Three independent cultures as well as protein extractions

and 2D-PAGE were performed to assess the reproducibility of the experiment. Gels were stained with Coomassie Brilliant Blue (CBB). CBB staining was carried out according to Neuhoff et al. (1988) with minor modifications and scanned in a Microtek 9800XL densitometer (Microtek) at 300 dpi resolution. Gels were stored in vacuum-sealed plastic bags at 4 °C. pdquestadvance software version 8.0 (Bio-Rad) was used for spot detection and quantitation, and to assess reproducibility. Protein spots chosen for mass spectrometric analysis (MS) were excised from the gels and manually digested. The gel pieces were rinsed three times with AmBic buffer (50 mM ammonium bicarbonate in 50% Natural Product Library HPLC grade methanol (Scharlau, Spain) and once with 10 mM DTT (Sigma-Aldrich). The gel pieces were rinsed

twice with AmBic buffer and dried in a SpeedVac before alkylation with 55 mM iodoacetamide (Sigma-Aldrich) in 50 mM ammonium bicarbonate. Navitoclax mouse Once again, the gel pieces were rinsed with HPLC grade AmBic buffer (Scharlau), before being dehydrated by the addition of HPLC grade acetonitrile (Scharlau) and dried in a SpeedVac. Modified porcine trypsin (Promega) was added to the dry gel pieces at a final concentration of 20 ng μL−1 in 20 mM ammonium bicarbonate, incubating them at 37 °C for 16 h. Peptides were extracted three times by 20 min incubation in 40 μL of 60% acetonitrile in 0.5% HCOOH (formic acid). The resulting peptide extracts were pooled, concentrated in a SpeedVac and stored at −20 °C. A combination of matrix-assisted laser-desorption-ionization time-of-flight mass spectrometry (MALDI-TOF) (MS) and MALDI-TOF/TOF (MS/MS) was used for protein identification according to the following procedure. Dried samples were dissolved

in 4 μL Meloxicam of 0.5% formic acid.
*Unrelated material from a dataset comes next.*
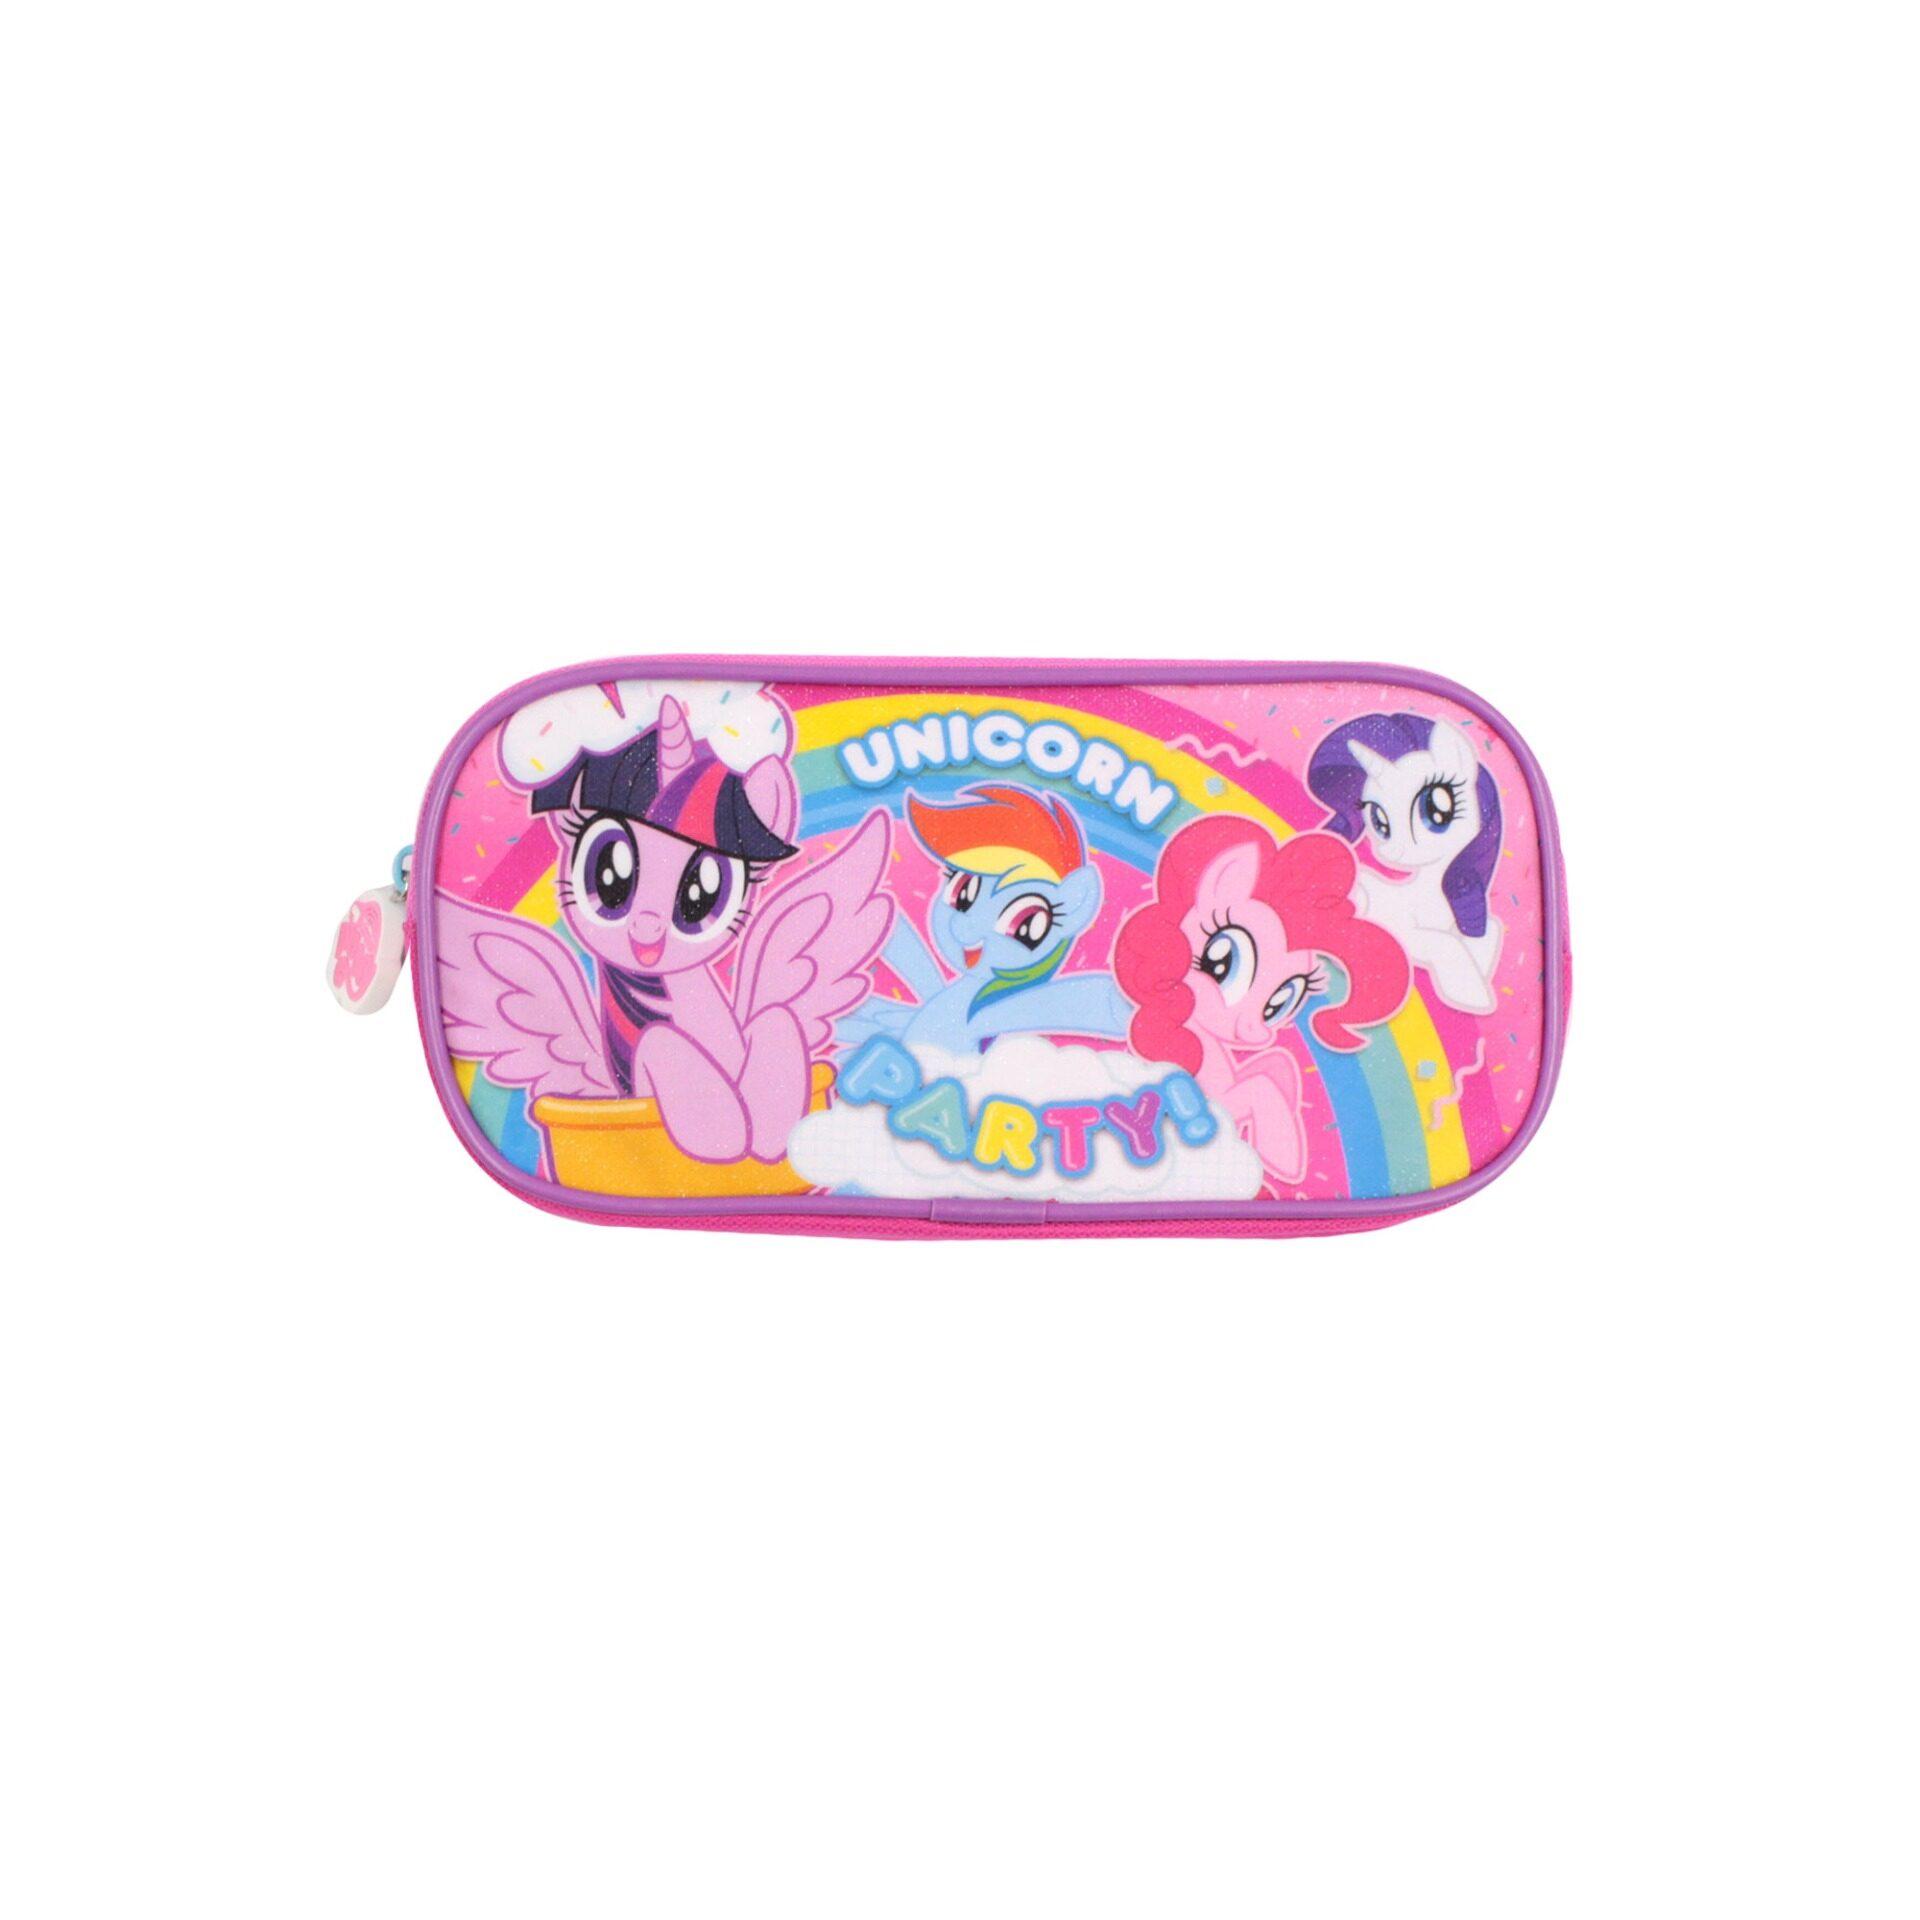 My Little Pony Unicorn Party! Children School Stationery Single Zip Pencil Case
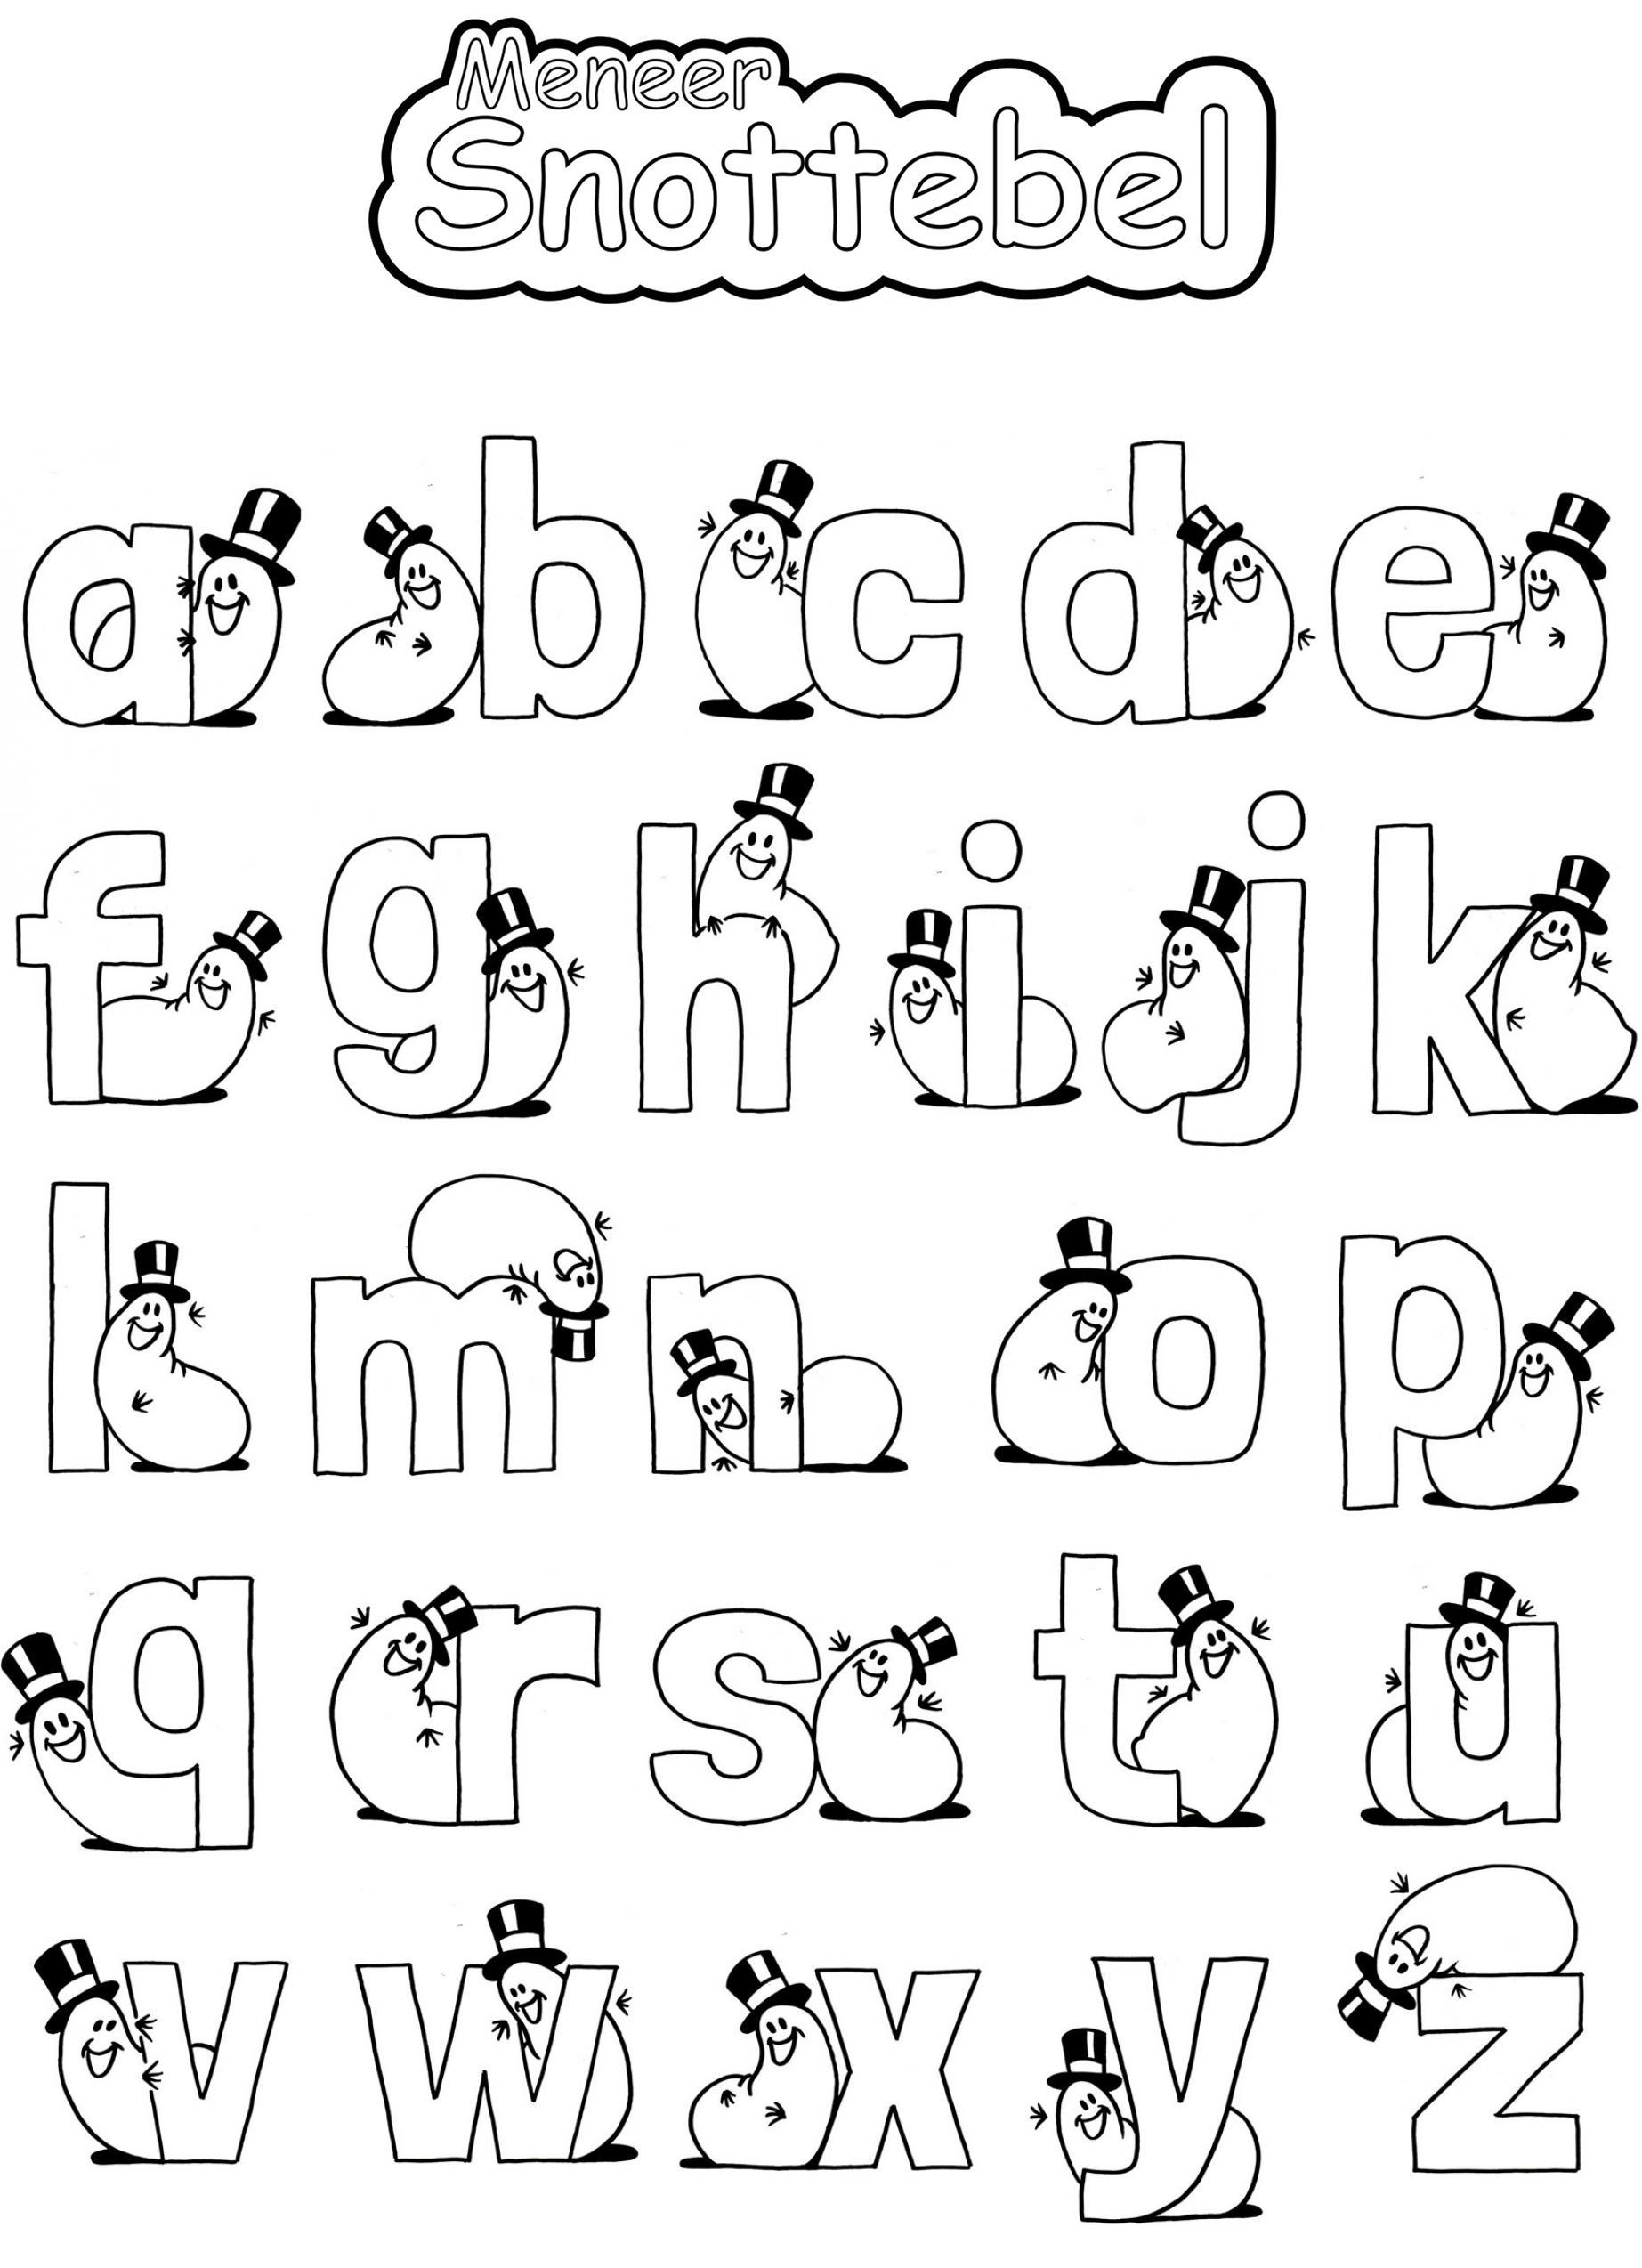 kleurplaat_alfabet-meneer-snottebel_meneersnottebel.jpg

Equal volumes (0.5 μL) of peptide and matrix solution, consisting of 3 mg α-cyano-4-hydroxycinnamic acid (CHCA) dissolved in 1 mL of 50% acetonitrile in 0.1% trifluoroacetic acid, were deposited using the thin-layer method onto a 384 Opti-TOF MALDI plate (Applied Biosystems). Mass spectrometric data were obtained in an automated analysis loop using a 4800 MALDI-TOF/TOF analyzer (Applied Biosystems). MS spectra were acquired in reflectron positive-ion mode with an Nd:YAG, 355-nm wavelength laser, averaging 1000 laser shots, and at least three trypsin autolysis peaks were used as internal calibration. All MS/MS spectra were performed by selecting the precursors with a relative resolution of 300 full width at half maximum and metastable suppression. Automated analysis of mass data was achieved using the 4000 Series explorer software V3.5. Peptide mass fingerprinting (PMF) and peptide fragmentation spectra data of each sample were combined through the GPSexplorer Software v3.6 using mascot software v2.1.